> Data to examine

%%

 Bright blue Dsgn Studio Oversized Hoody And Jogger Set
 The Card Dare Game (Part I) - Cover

%%
%%

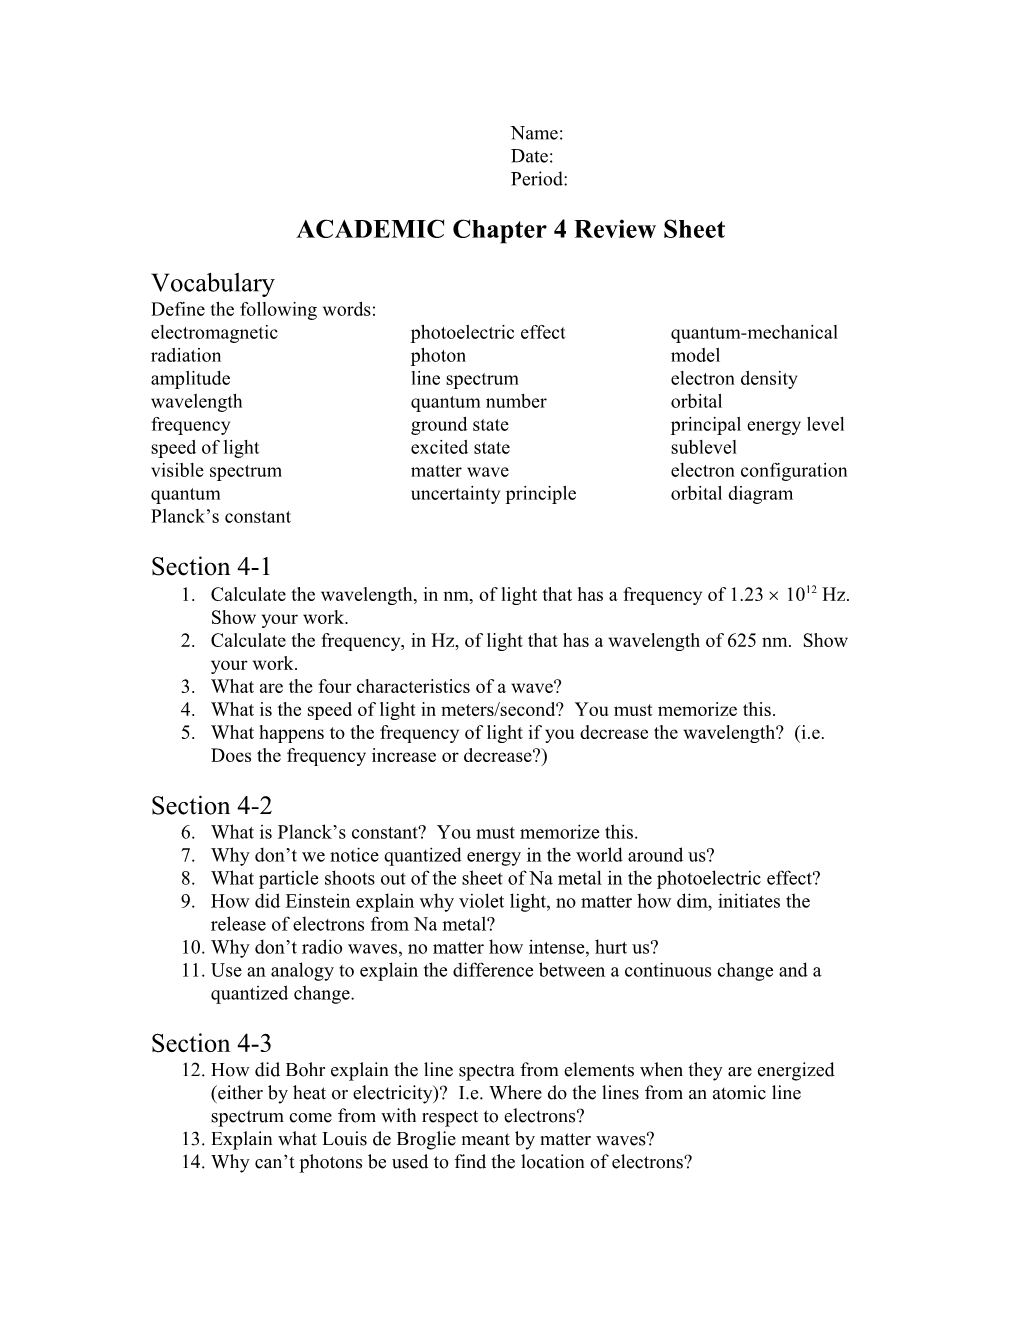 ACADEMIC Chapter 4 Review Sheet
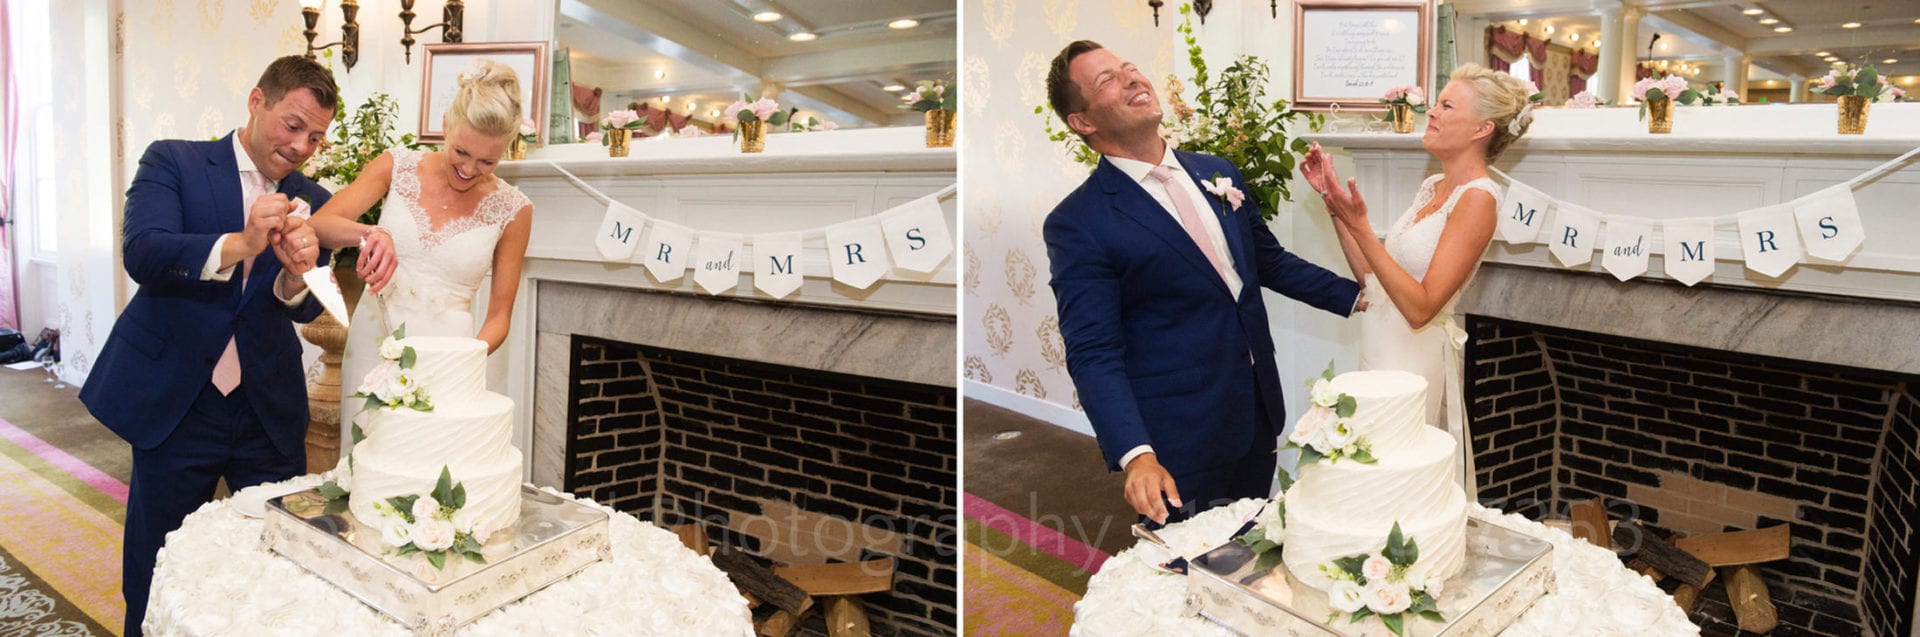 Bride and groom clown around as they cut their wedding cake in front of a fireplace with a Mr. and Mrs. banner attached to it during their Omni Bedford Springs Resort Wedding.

%%

> What is being asked
Copy only what lies between the line with "ACADEMIC Chapter 4 Review Sheet" and the line with "Bride and groom", those two lines included, exactly as given above; pictures stay out.

> Task solution
 ACADEMIC Chapter 4 Review Sheet
 Bride and groom clown around as they cut their wedding cake in front of a fireplace with a Mr. and Mrs. banner attached to it during their Omni Bedford Springs Resort Wedding.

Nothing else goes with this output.